Each cocoon is made of a single silk filament more than half a mile long. The worker finds the ends of several cocoons (if you look hard you may be able to see the fine filaments leading to the tool in the worker’s hand above) and inserts them into a machine that unwinds them from the cocoon. It winds several filaments together into a thread on a reel. The threads are then wound onto bobbins.

   

Some of the thread is bleached into “fine” silk, and some is left its natural color as “raw” silk. The silk is then colored using dyes made from a variety of natural ingredients.

  

More detailed descriptions of the life of the silkworm (Bombyx mori) can be found here and here.

The finished, dyed silk is then woven using hand-operated looms.

    

 

Inle Lake – Silk and Lotus Weaving

Inle Lake has become famous for its silk weaving industry. They also weave cotton and an amazingly fine thread extracted from the stalks of lotus blossoms. We visited the Ko Than Hlaing factory and show room.

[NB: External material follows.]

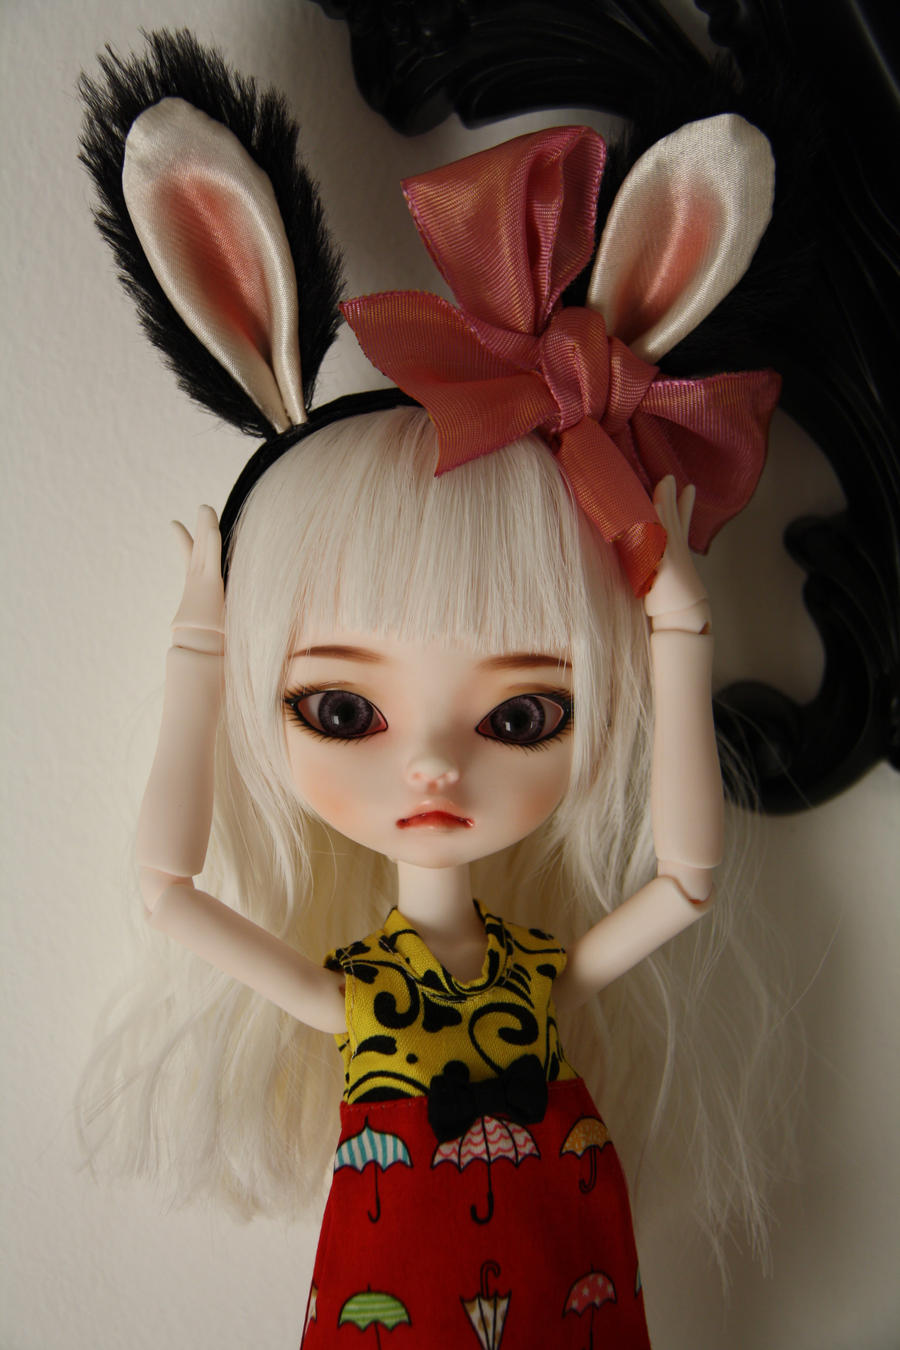 Lana, Dim Doll Trisha 3 by spiti84

Silk shuttles glow against an open window.

We look out the window at the building across the street–well, okay, across the narrow canal; it turns out to be another factory, where people are also weaving silk.

 

In this factory, we watch as woman dyes the skeins of silk, her arms permanently stained from her work. A new batch of dye bubbles in a pot nearby. Traditionally, the dyes were all made from natural, local ingredients, but these result in a color that is muted and subtle. We tourists, it turns out, tend to like bright colors; and the factory owner is eager to please. And so now, some of the dyes are not all natural.

 

 

In the factory, women operate the looms.

  

 

This last young woman is weaving silk that has been tie-dyed to produce the traditional pattern that Inle Lake is known for. Here is a diagram of, well, I think it’s a diagram of how to tie the threads so that they will weave up into the right pattern. But I’m not sure.

This man is extracting thread from a lotus stem. The thread is fine, and one stem doesn’t yield very much. Shawls and garments made of lotus are breathtakingly expensive. And they feel wonderful. I regret not buying one.

Sitting on the floor, older men and women thread the dyed silk onto shuttles for weaving.